Friday, 26 July 2013

Reading Recommendations by Professionals: Introduction

This is the first post of my new series for SF Signal: Reading Recommendations by Professionals!  So if this looks familiar, that's where you saw it.

In this series, I ask various publishing professionals (including authors, bloggers, editors, agents etc.) to recommend 2-3 authors or books they feel haven't received the recognition they deserve.

I'm hoping this series will highlight some under-appreciated authors on a biweekly schedule, dependent of course on the responses I get.  I do have several posts lined up already, but I'm looking for more.  If you're a professional and you'd like to participate, please contact me at jessica (dot) strider (at) gmail.com with "Recommendations" as the subject.
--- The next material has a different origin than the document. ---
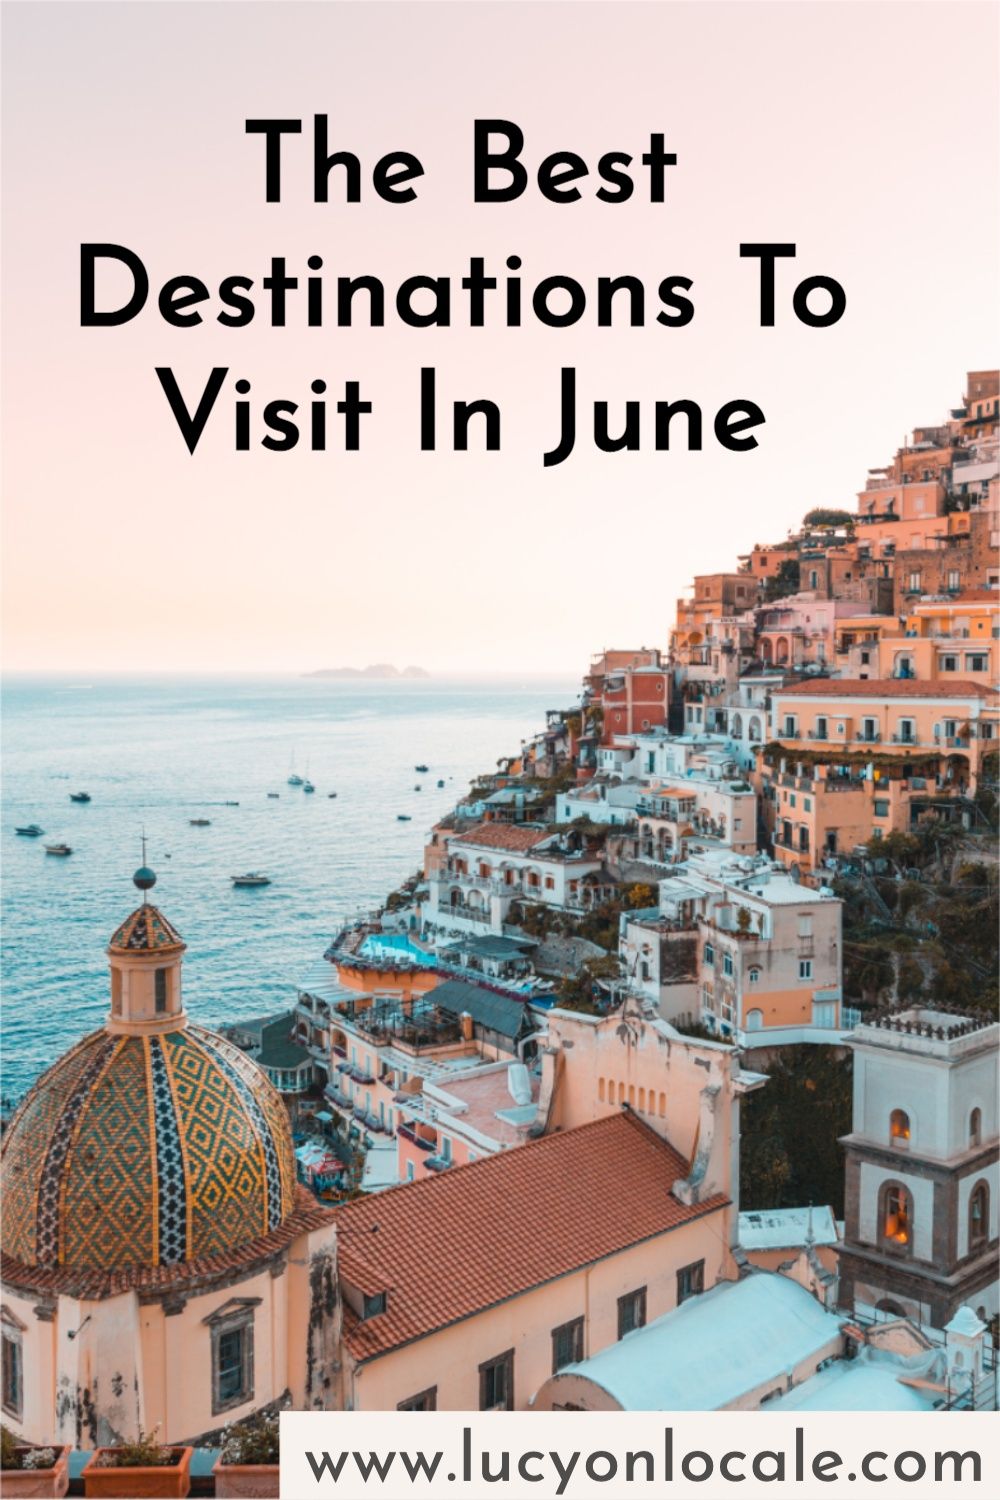 The Best Destinations To Visit In June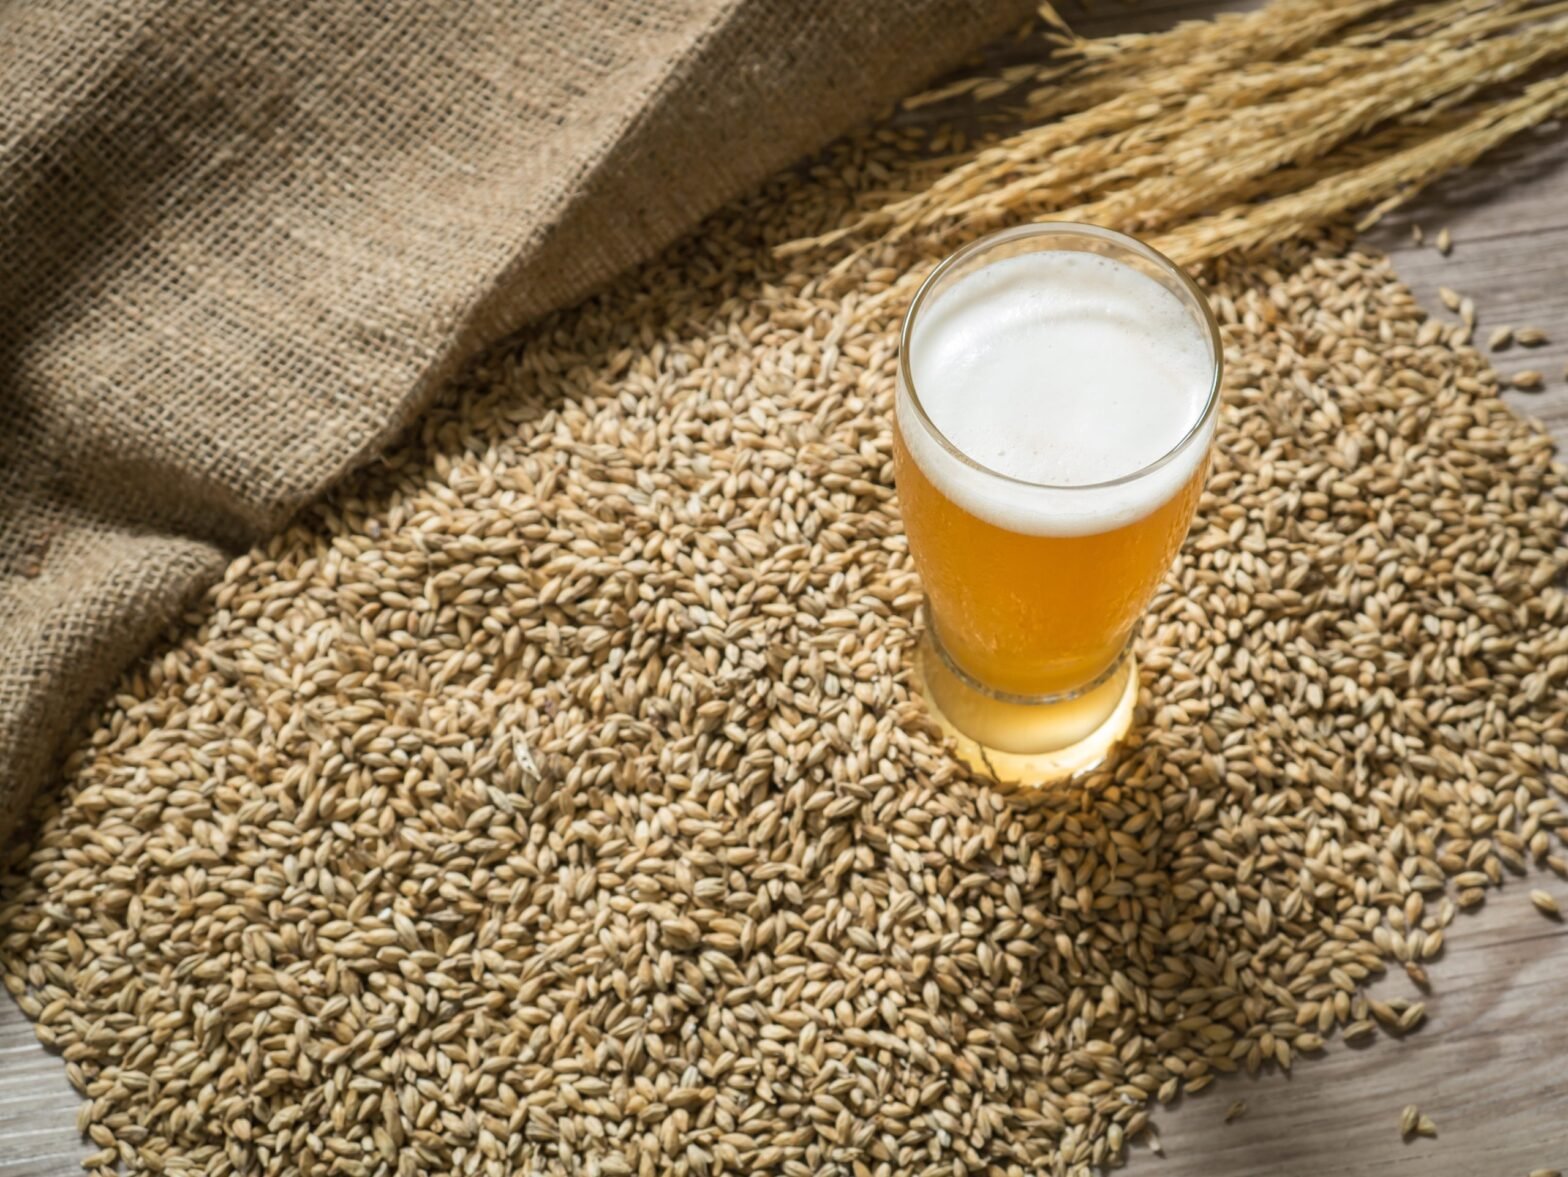 Beer could exert 'greater effects than probiotics’ say scientists

To get us started, here are some of my recommendations:

  1. Carol Berg - I normally like one or two series by an author and can't get interested in other things they write.  Not so with Carol Berg.  She's got several series, all different lengths (from a stand alone to a 4 book series) set in different worlds with different magic systems, types of characters, etc.  And despite coming up with new worlds and everything, she still manages to publish a book a year!  I have loved every book by her that I've read (and I've read all but her most recent 3, and that's just because I haven't had time to pick them up and read them all together - because hers are the kinds of books where you NEED to read the next  one immediately).  My only complaint with her work is that by the end of a series she's punished her protagonists so much I'm not sure how they're still alive and optimistic enough to keep going.  My favourite book is Transformation, as it's got just enough humour to make the abuse the protagonist goes through not seem so grim.  But all of her books are fantastic.
  2. James Knapp wrote the brilliant Revivors trilogy.  His new novel, under the pseudonym James Decker, Burn Zone, features an asian female protagonist and truly alien aliens.  His writing is tight and fast-paced and you've got to pay attention because things mentioned offhandedly in the novel come back as important clues later on.  If you want to give him a try, I'd start with State of Decay.
  3. Violette Malan has written 6 books, two involving contemporary Toronto and the realm of faery (starting with The Mirror Prince), and four secondary world fantasy novels (starting with The Sleeping God).  If you like books with strong paired male and female protagonists, I can't recommend her work enough.